There are too many permutations to say categorically that regulation is good or bad. However, the answer to the electrical supply problem is decentralization of generation. Solar panels, windmills, energy storage systems, etc.—every building should be fitted with them. And the answer to any problem with television is simply not to watch. :)

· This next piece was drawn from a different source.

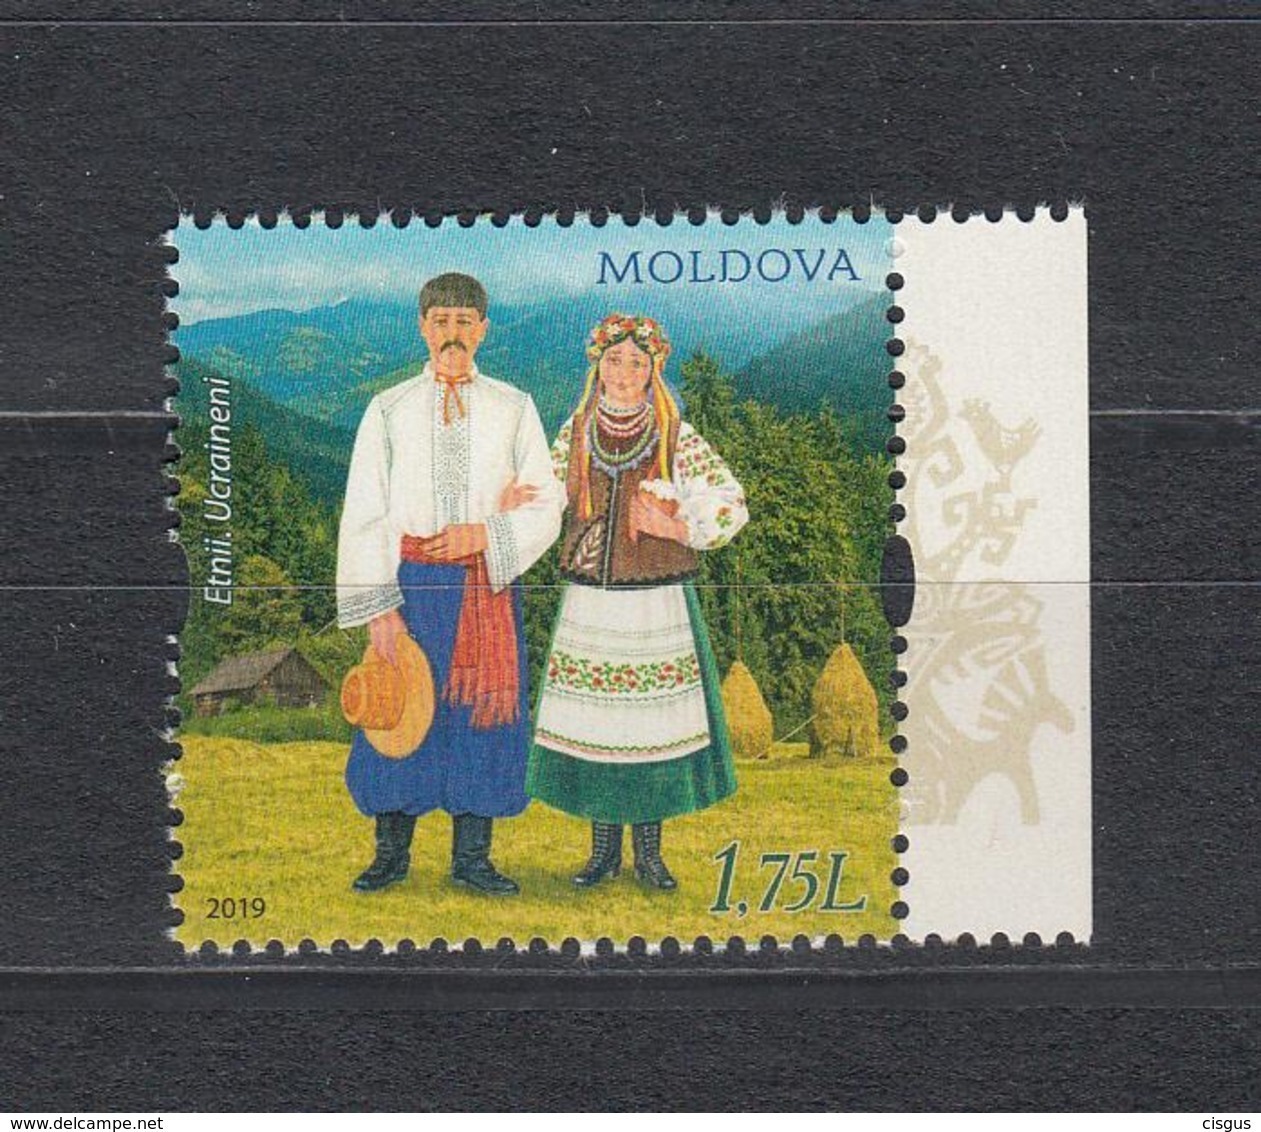 Moldova Moldawien MNH** 2019  Costuemes Ethnic Groupe Ukraine  Mi 1084 - Moldawien (Moldau)

Unfortunately, the latter would decrease the chance of seeing Lily Tomlin do her character Ernestine, the telephone operator, on Saturday Night Live. This sketch is particularly apropos to the current topic:

Here at the phone company we handle eighty-four billion calls a year, serving everyone from presidents and kings to scum of the earth. We realize that every so often you can't get an operator, for no apparent reason your phone goes out of order, or perhaps you get charged for a call you didn't make. We don't care. Watch this—[flips some switches]—just lost Peoria! You see, this phone system consists of a multibillion-dollar matrix of space-age technology that is so sophisticated, even we can't handle it. But that's your problem, isn't it? Next time you complain about your phone service, why don't you try using two Dixie cups with a string. We don't care. We don't have to. We're the phone company.

Posted by: Gary on October 16, 2003 03:54 PM

Is that SNL repeats, or is Lily Tomlin on current episodes? There was a picture of Ernestine the operator on the front page of the NYT business section last Sunday, so it seems like she's in the zeitgeist in any case.

Posted by: david on October 16, 2003 04:40 PM

Wow, in the New York Times at this late date!I t's definitely an old skit, and it's a character that she created on Laugh-In. I can't remember if I saw it on a rented videocassette or on one of Comedy Central's ancient repeats of SNL. (Maybe it will show up in their upcoming fifty-best-episodes marathon.) In my memory, the image quality suggests the very early '80s. This page—which has better action description than my quote (or this one, which claims a voice-over)—cites a particular title and links to a web site that lists an all-Ernestine title.